It’s been getting kind of serious in here lately. And yesterday was a serious day. I want to change gears and add some funny to this blog. Hopefully you’ll laugh, commiserate, or just enjoy my rant.
So, in no particular order, here are some of the little, mundane things that annoy the tar out of me:
1. People who don’t put their grocery cart in the cart collection space when they are done. Because then the wind blows it into MY car and now I have a dent or a door ding. People like you are the reason the rest of us can’t have nice things. (And as one who could also stand to lose a few pounds myself: sir or madam, you could use the extra 15 foot walk. Just sayin’.)
2. When every song on the way to work is crap.

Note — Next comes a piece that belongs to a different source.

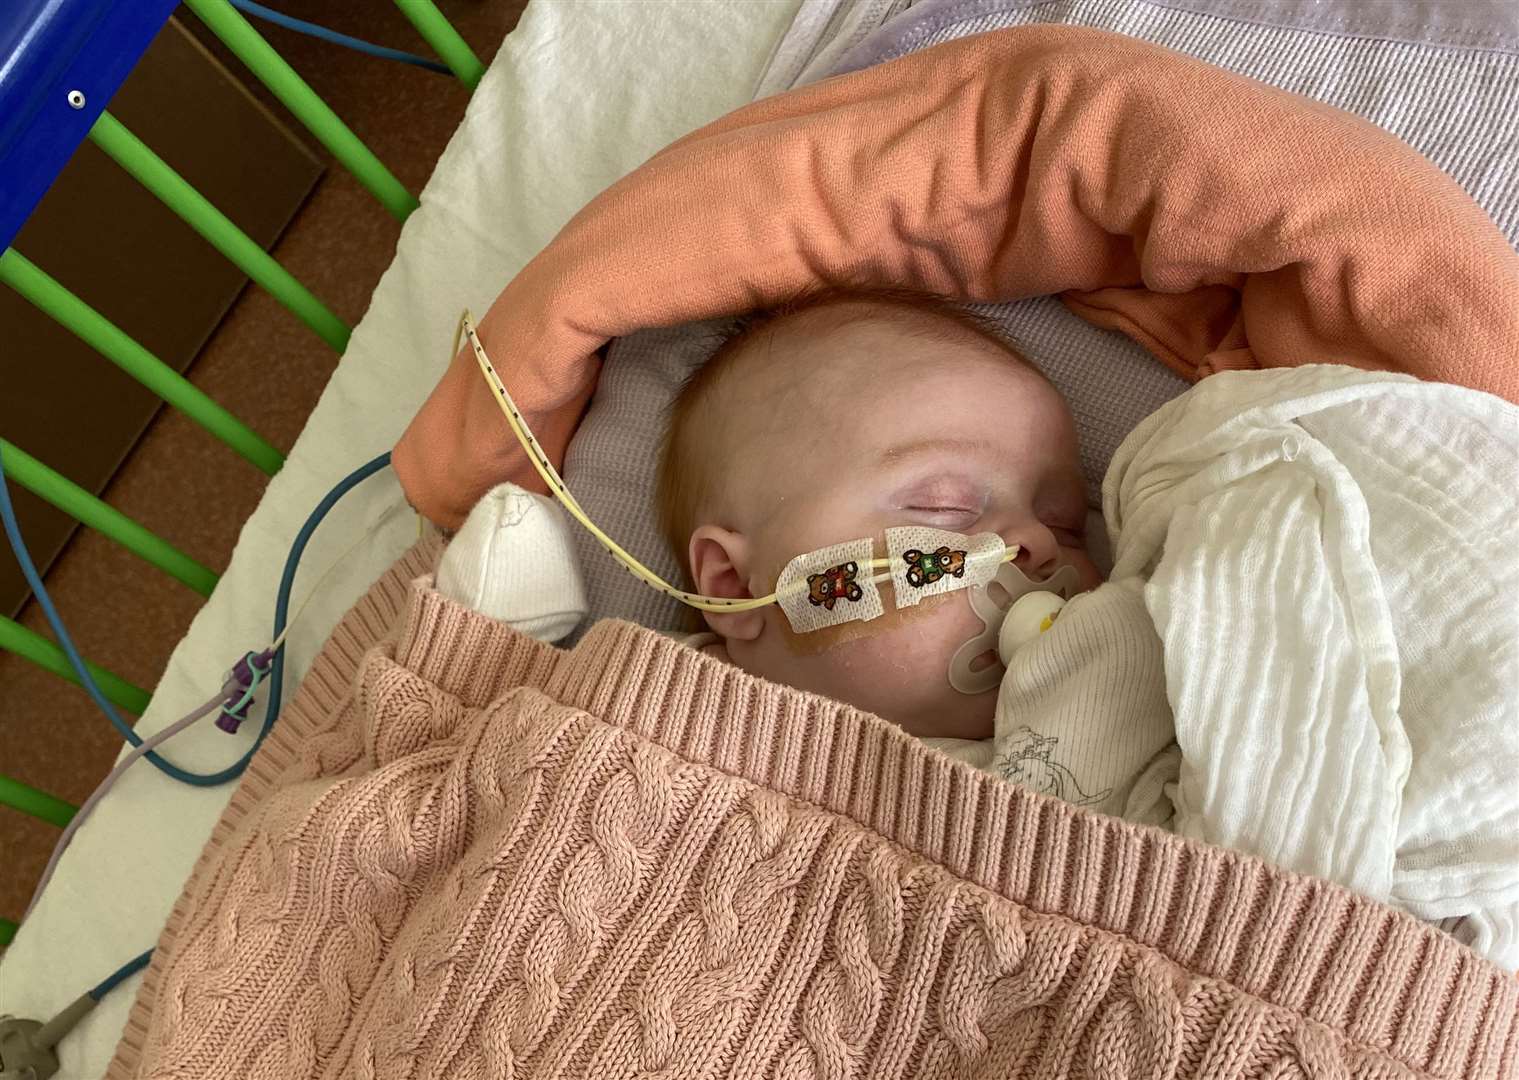 Mia was put on a ventilator for seven days before surgery

Yes, I know in the era of mp3, I should be in total control of what I listen to in the car, but a) Hyundai added the aux jack in the model year after my car, b) sometimes you just like to be surprised with something old you haven’t heard in a while or something new you haven’t discovered yet, and c) then what am I paying XM for if I’m not listening. But when it’s all James Taylor, bad Poison (Every Rose Has Its Thorns, anyone?) and that damn Goo Goo Dolls song from that movie with Nicolas Cage and Meg Ryan, it just starts the day off in a bad, bad way.
3. Thong underwear. If you’re noticing that I have a panty line, my question to you is why are you looking at my ass, anyway?
4. Lipstick that does not stay true to the tube color and sprouts ghastly yellow undertones on my lips. Because THAT helps my teeth look whiter.
5. When I answer a call for the pharmacist by saying (clearly, not slurred or mumbled), “This is the pharmacist” and the person on the other end says, “Is this the pharmacist?”
6. Running out of wine or whine.
7. Store clerks who wrinkle the pages of my crisp, brand-new magazine, newspaper, or book while checking me out. If I wanted the creased-up, battered copy everyone has already pawed through, I’d buy it, thanks.
8. The iced tea conundrum. They bring you a glass with one lemon wedge. And then endless refills. But no additional lemon wedge. If I needed/used one with the first glass, don’t I need another one each time? One glass of tea = one lemon wedge. I am no math whiz, but even I can balance that equation.
8a. Servers who let you get down to the last drops of melted ice, lemon pulp, and tea leaf residue without coming by to offer a refill or fresh glass.
9. That there is never anything on TV when I finally have time to watch some. Yeah, yeah, DVR-schmiVR. That would require me to look at a schedule and program it and shit. If I could outsource this one to the cats, I’d have done it already.
10. I can’t outsource a damn thing to my cats. I work for them. They do not work for me.
Have a great Wednesday, y’all!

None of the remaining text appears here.